:: Supplied data ::
__________
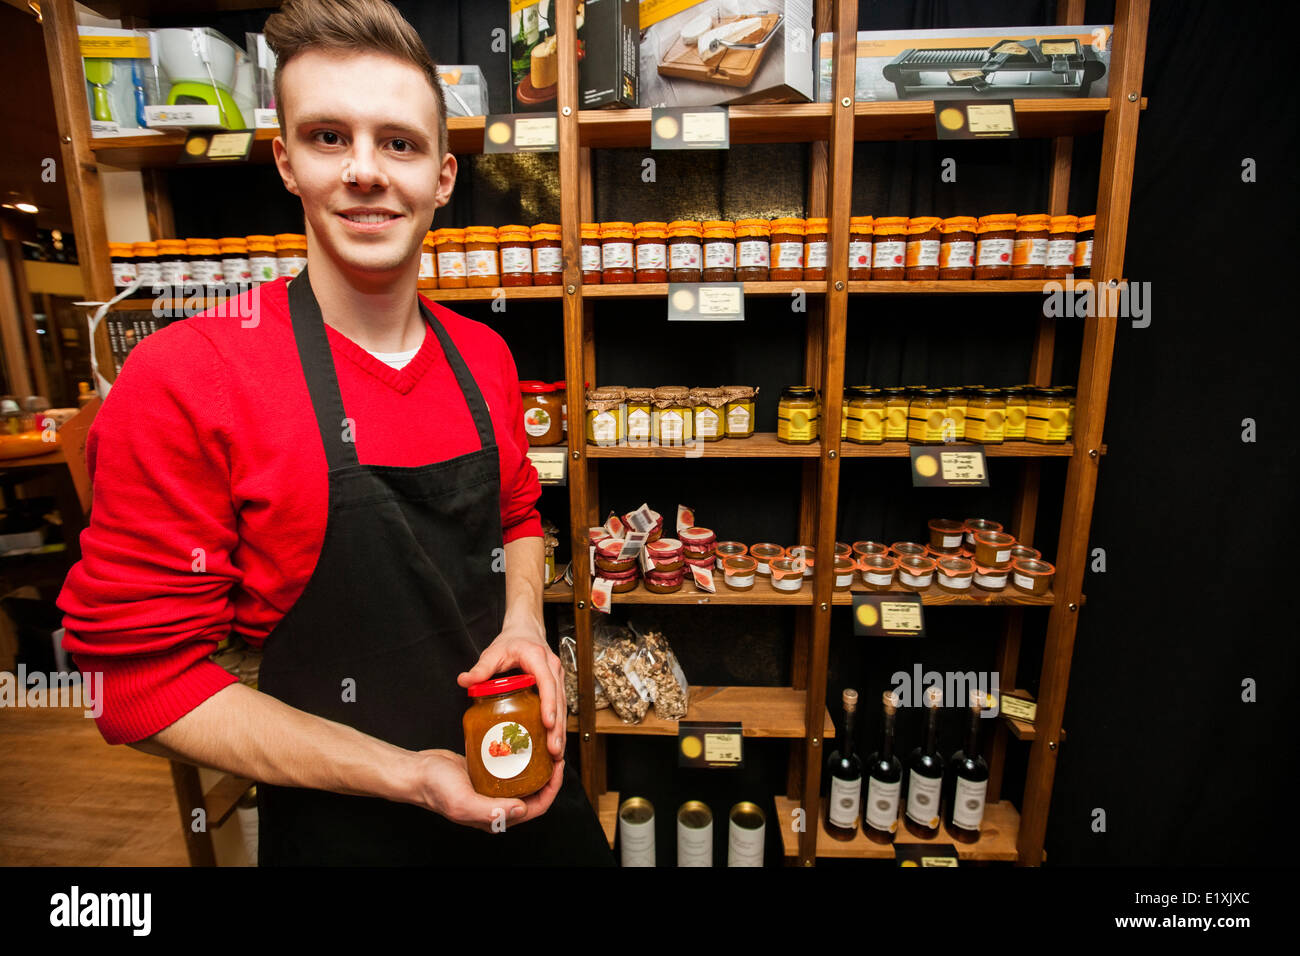 Portrait of smiling salesperson holding jar in supermarket Stock Photo
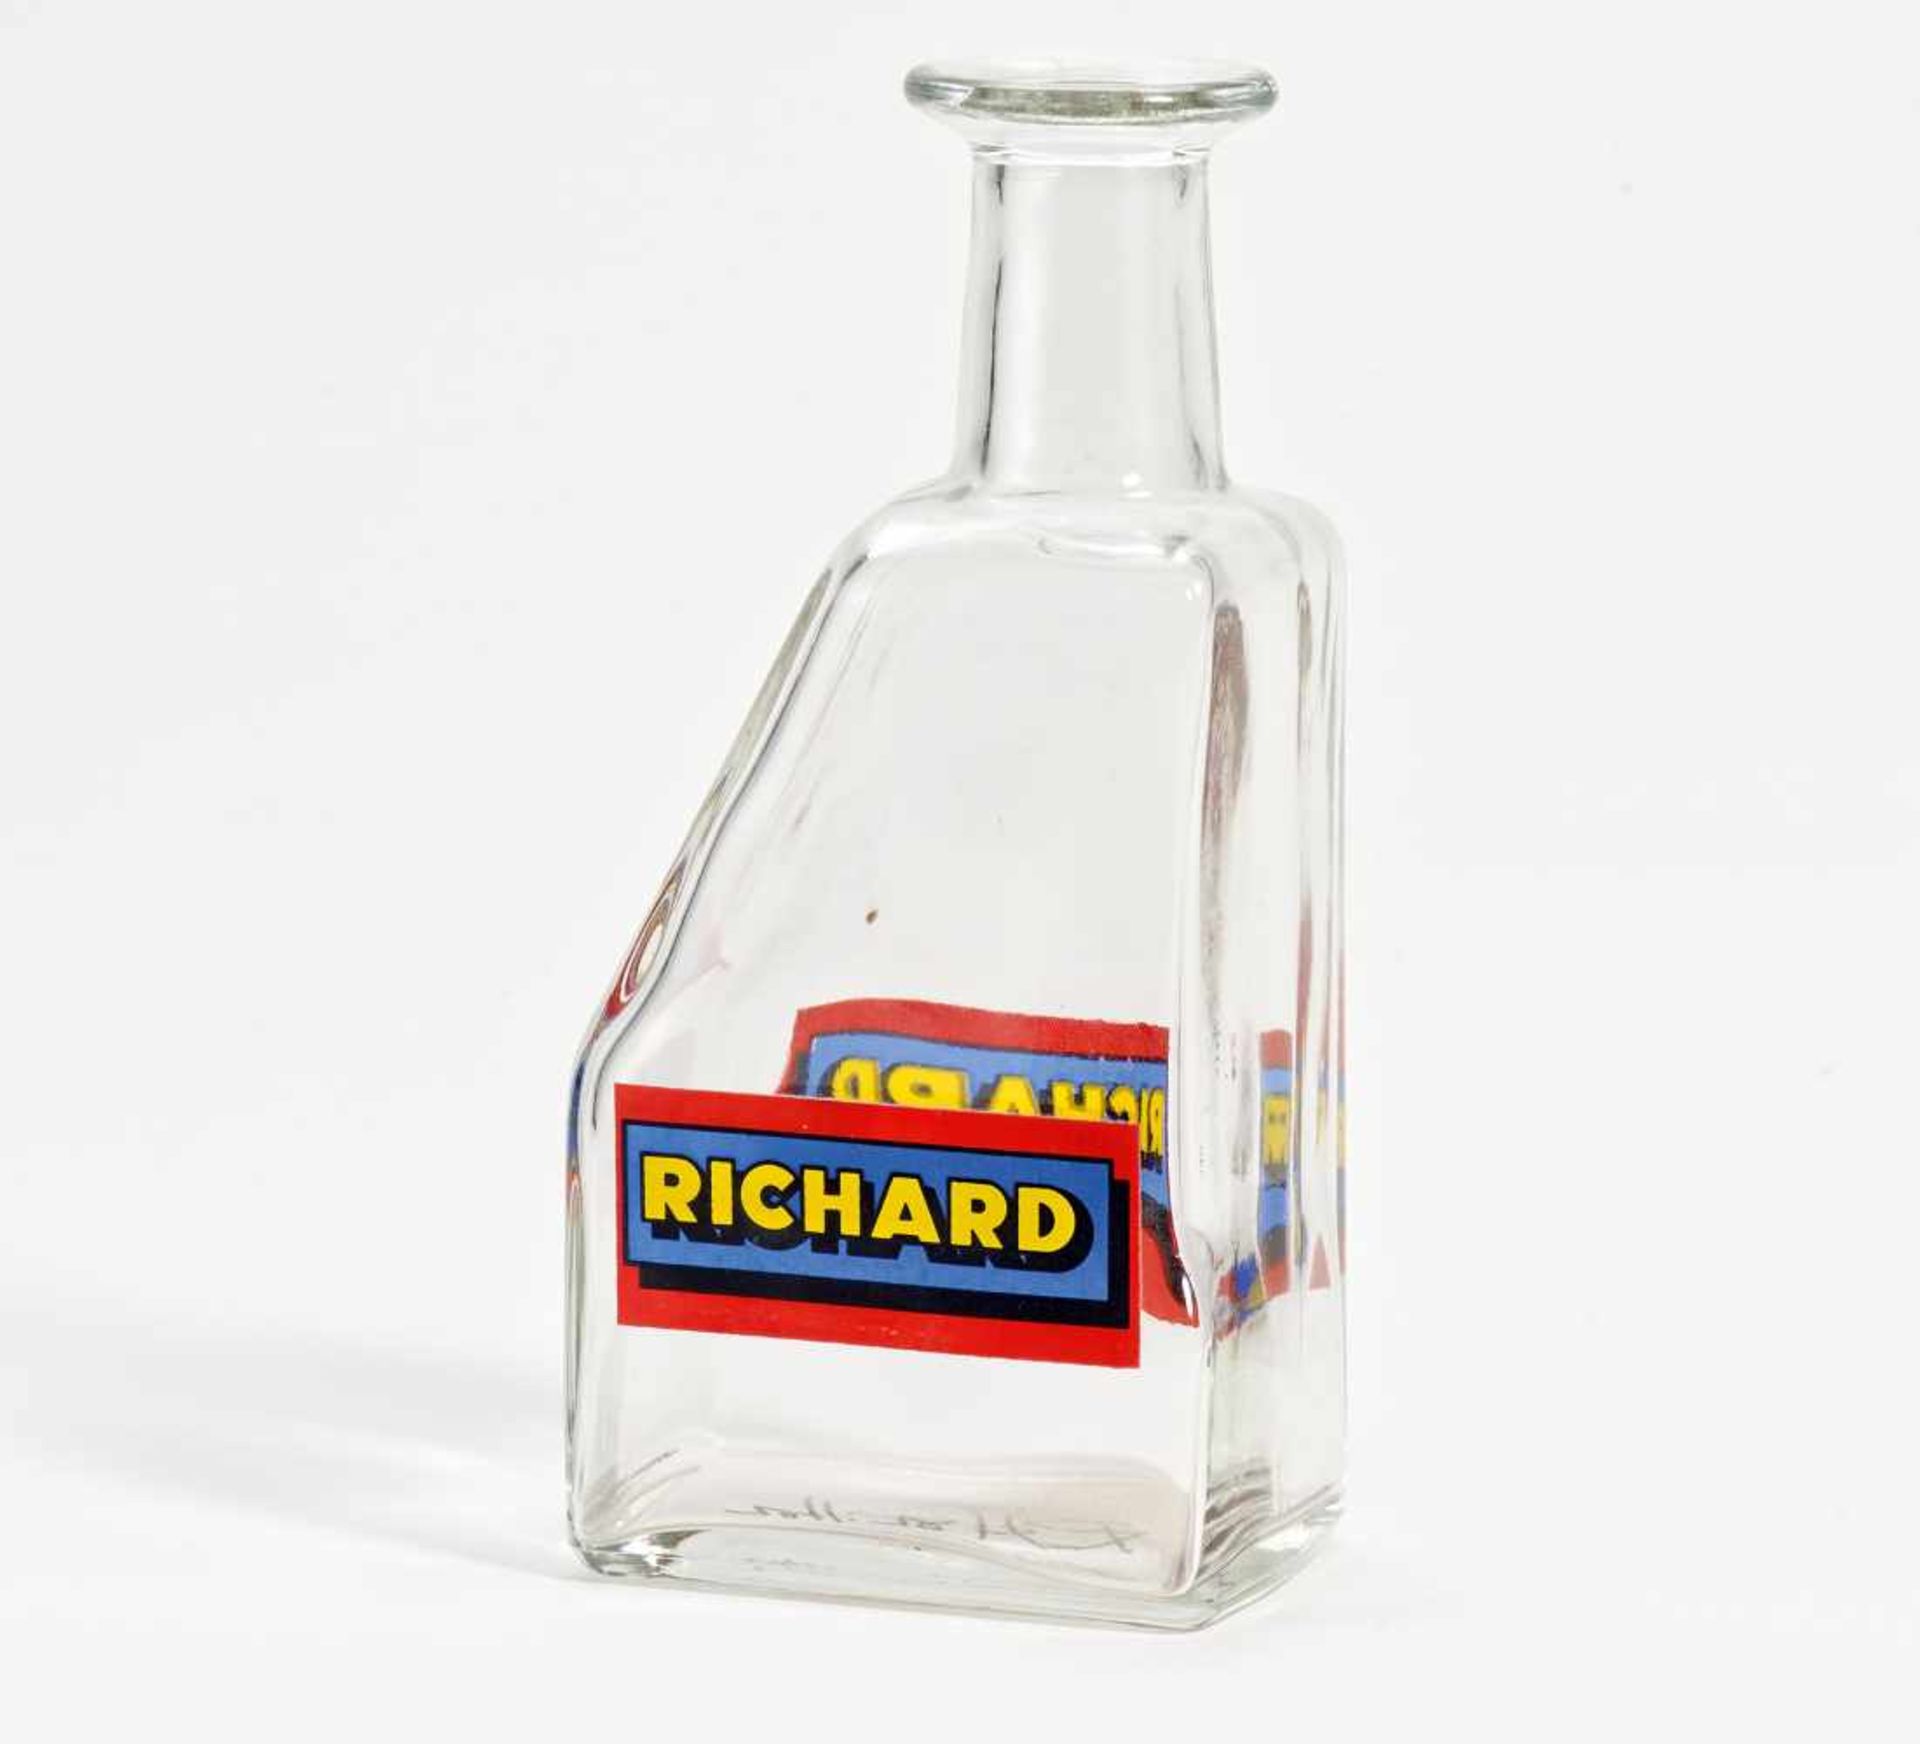 Hamilton, RichardLondon 1922 - 2011Carafe. 1978. Glas, mit Emaille-Farbe bemalt. 20 x 9,5 x 6cm.
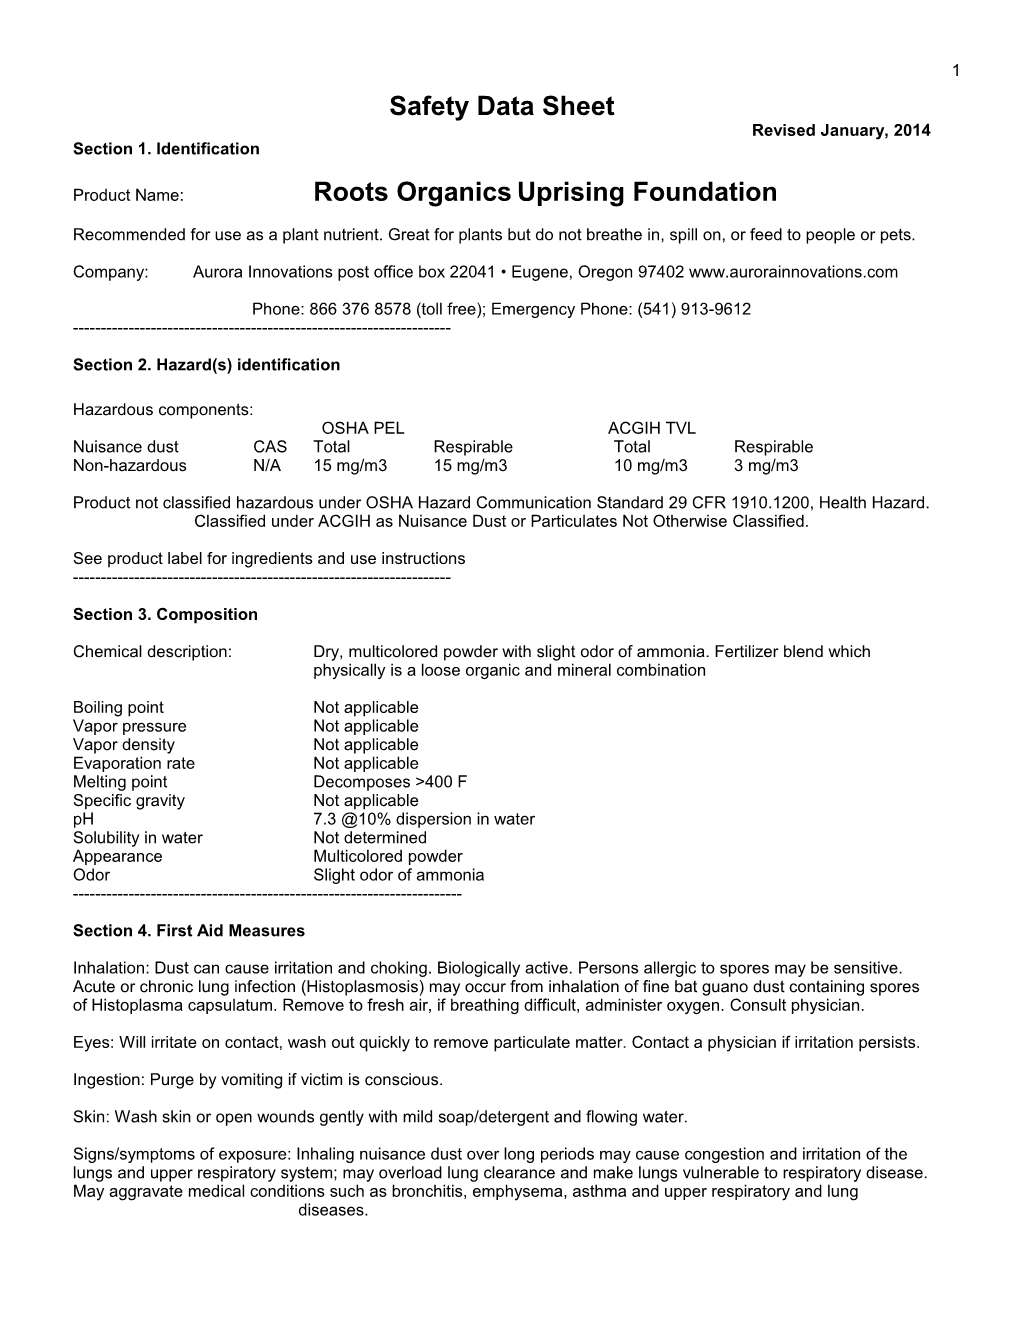 Product Name: Roots Organicsuprising Foundation
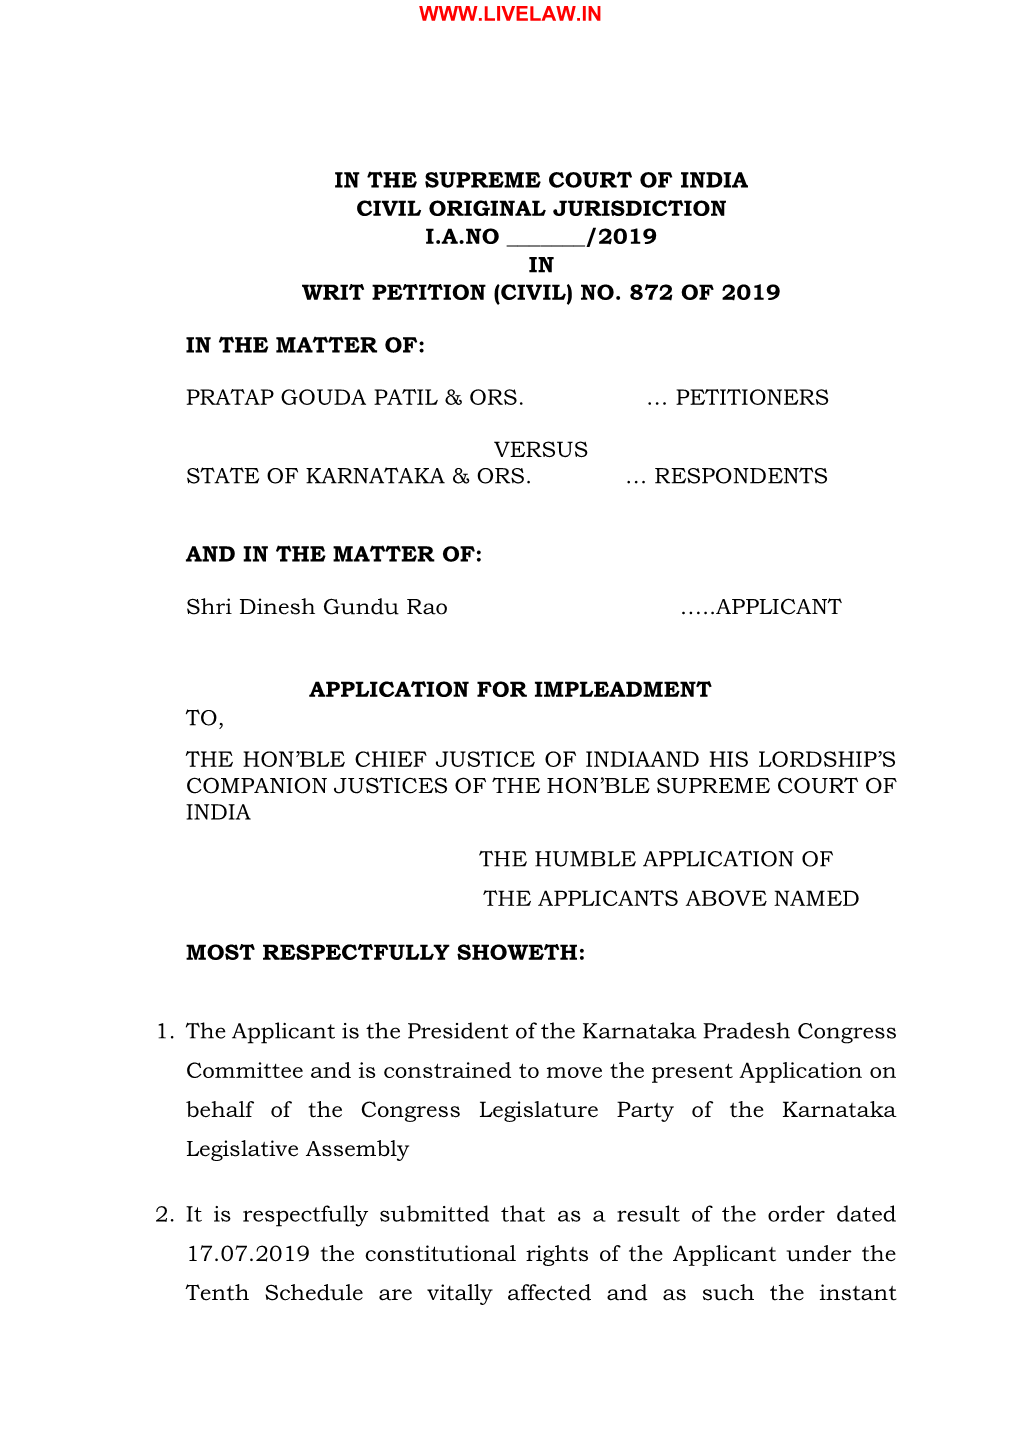 In the Supreme Court of India Civil Original Jurisdiction I.A.No ______/2019 in Writ Petition (Civil) No
__________
:: Problem to solve ::
Go through the material above and retype every line exactly, without the images.

:: Task solution ::
 Portrait of smiling salesperson holding jar in supermarket Stock Photo
 Hamilton, RichardLondon 1922 - 2011Carafe. 1978. Glas, mit Emaille-Farbe bemalt. 20 x 9,5 x 6cm.
 Product Name: Roots Organicsuprising Foundation
 In the Supreme Court of India Civil Original Jurisdiction I.A.No ______/2019 in Writ Petition (Civil) No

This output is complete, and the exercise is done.